Processor-level parallelization - Split channels across CPU cores for maximum speed when sufficient RAM is available.
Pipeline-level parallelization - Process multiple files concurrently.
Rule of thumb: start with channel_sequential=True for large recordings,
upsampling-heavy pipelines, or constrained memory. Switch to
parallel=True when speed is the primary goal and memory is not a bottleneck.
Quick Start
Start with channel-sequential execution:
from facet.core import Pipeline
from facet.preprocessing import TriggerDetector
from facet.correction import AASCorrection
pipeline = Pipeline([
TriggerDetector(regex=r"\b1\b"),
AASCorrection(window_size=30)
])
# Recommended for memory-sensitive workloads
result = pipeline.run(channel_sequential=True)
If memory headroom is sufficient and you want maximum throughput:
# Use all CPU cores for eligible processors
result = pipeline.run(parallel=True, n_jobs=-1)
Channel-Sequential Execution
Why It Matters
Channel-sequential execution is a core FACETpy feature for memory-efficient processing. Instead of creating large intermediate arrays for all channels at once, FACETpy processes one data channel through the full local processor chain before moving to the next channel.
This is especially important for pipelines that contain upsampling and
artifact-correction steps (for example UpSample -> AASCorrection -> DownSample).
How It Works
With channel_sequential=True, consecutive processors marked as
channel_wise=True (or run_once=True) are merged into one per-channel
execution batch.
for each channel:
channel -> HP-filter -> UpSample -> AAS -> DownSample -> store
Key properties:
Full high-sampling-rate intermediate data is not materialized for all channels at once.
run_once=Trueprocessors execute only for the first channel and their metadata is reused for the remaining channels.Non-data channels (for example stim/misc) are passed through or resampled as needed.
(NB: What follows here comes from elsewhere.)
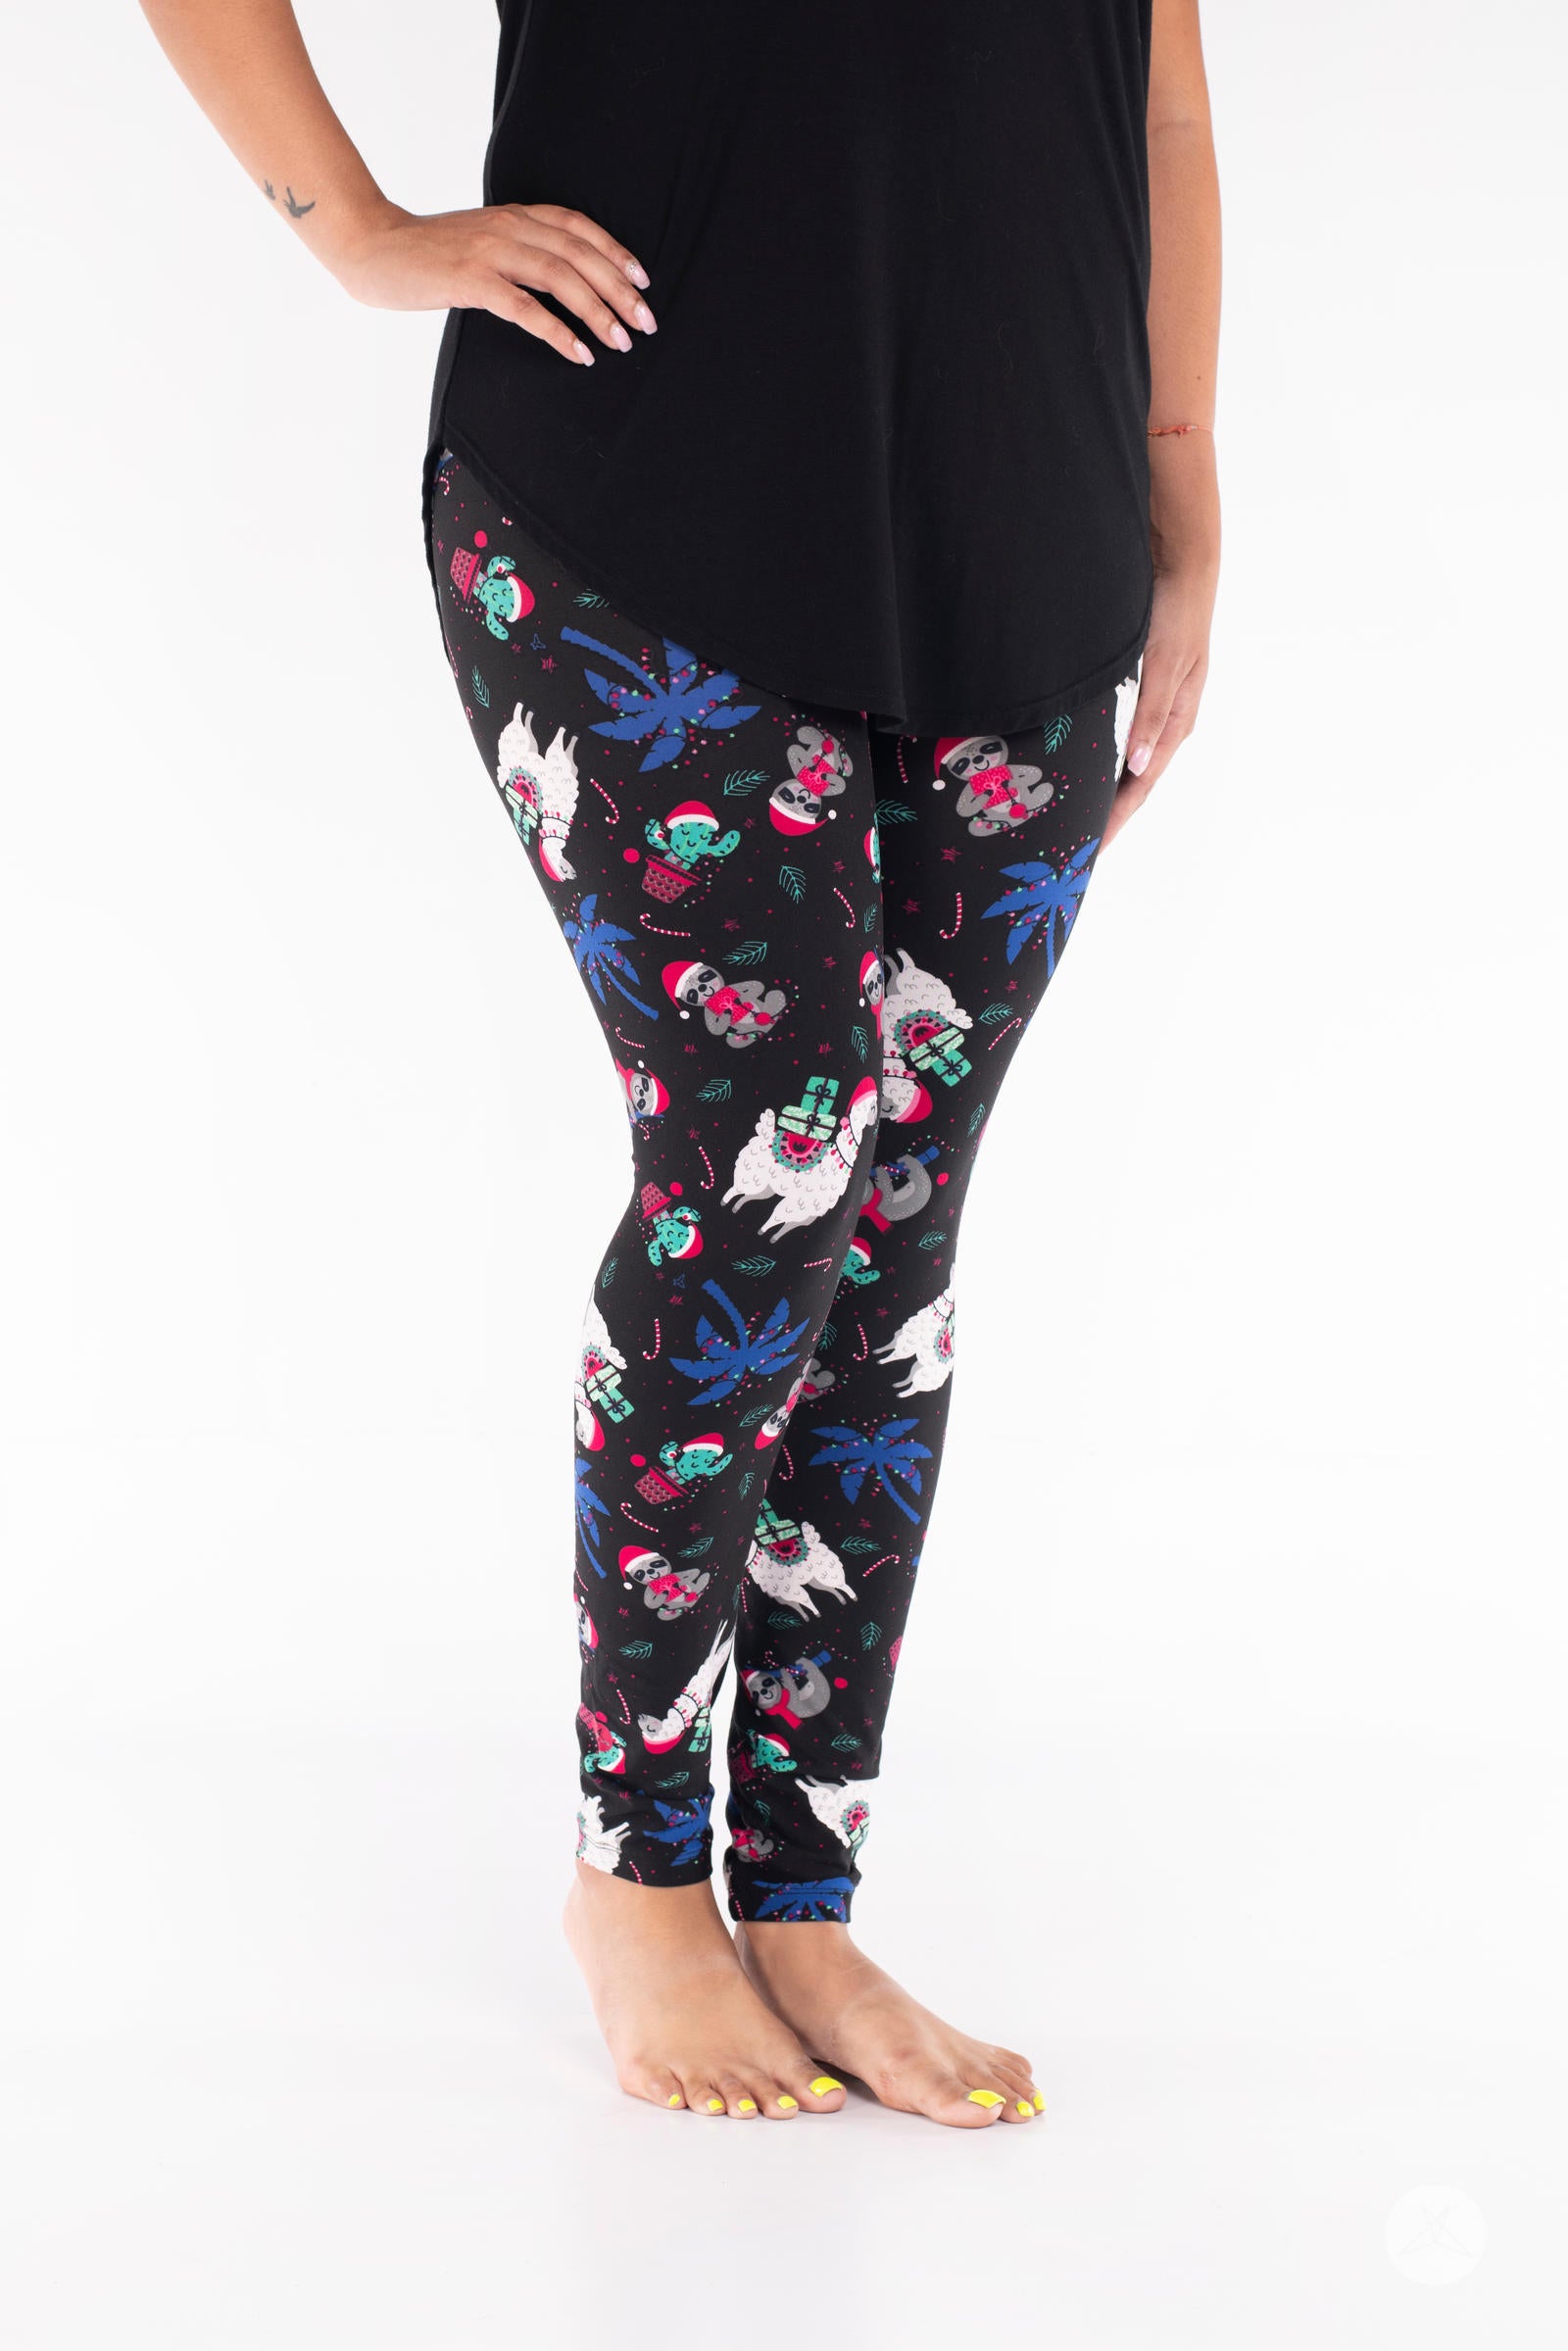 Deck The Palms Patterned Leggings

When to Prefer Channel-Sequential
Use channel_sequential=True when:
recordings are long,
channel count is high,
upsampling factors are high,
runs fail or become unstable due to memory pressure.
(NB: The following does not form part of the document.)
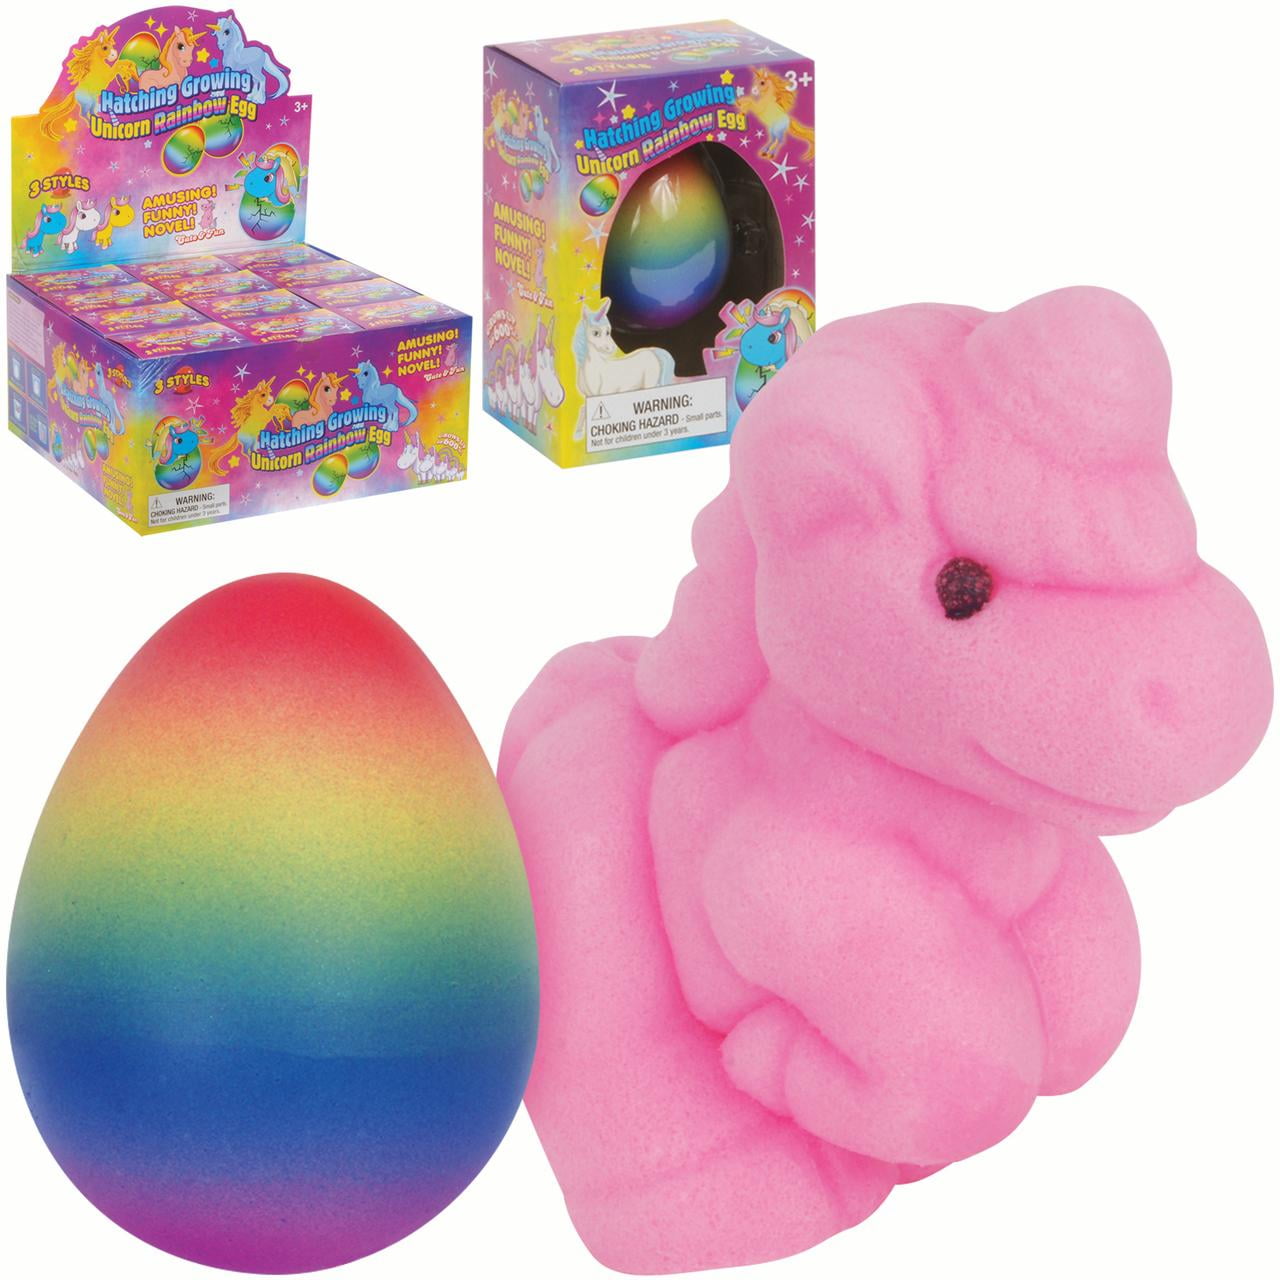 New Large Hatching & Growing Unicorn Egg Toy Gift for Children.

Enabling Channel-Sequential Execution
from facet import (
Pipeline, Loader, EDFExporter,
TriggerDetector, HighPassFilter, LowPassFilter,
UpSample, DownSample, AASCorrection,
)
pipeline = Pipeline([
Loader(path="data.edf", preload=True),
TriggerDetector(regex=r"\b1\b"), # serial/global step
HighPassFilter(freq=1.0), # channel-wise
UpSample(factor=10), # channel-wise
AASCorrection(window_size=30), # channel-wise
DownSample(factor=10), # channel-wise
LowPassFilter(freq=70), # channel-wise
EDFExporter(path="corrected.edf", overwrite=True),
])
result = pipeline.run(channel_sequential=True)
Processor-Level Parallelization
How It Works
When a processor is marked as parallel_safe = True, the ParallelExecutor
can automatically split processing by channels:
Enabling Parallelization
from facet.core import Pipeline
from facet.io import Loader
from facet.preprocessing import TriggerDetector
from facet.correction import AASCorrection
pipeline = Pipeline([
Loader(path="data.edf", preload=True),
TriggerDetector(regex=r"\b1\b"),
AASCorrection(window_size=30) # parallel_safe = True
])
# Speed-oriented mode (higher memory usage than channel-sequential)
result = pipeline.run(
parallel=True, # Enable parallelization
n_jobs=-1 # Use all CPU cores
)
Specifying Number of Jobs
# Use all cores
result = pipeline.run(parallel=True, n_jobs=-1)
# Use 4 cores
result = pipeline.run(parallel=True, n_jobs=4)
# Use half of available cores
import multiprocessing
n_cores = multiprocessing.cpu_count() // 2
result = pipeline.run(parallel=True, n_jobs=n_cores)
Which Processors Support Parallelization?
Check the parallel_safe flag:
from facet.correction import AASCorrection
from facet.preprocessing import TriggerDetector
aas = AASCorrection(window_size=30)
detector = TriggerDetector(regex=r"\b1\b")
print(f"AAS parallel safe: {aas.parallel_safe}") # True
print(f"Detector parallel safe: {detector.parallel_safe}") # False
Processors marked parallel_safe = True:
AASCorrectionPCACorrectionHighPassFilterLowPassFilterBandPassFilterNotchFilterUpSample/DownSample/ResampleTriggerAligner/SliceAligner/SubsampleAligner(withrun_once=True)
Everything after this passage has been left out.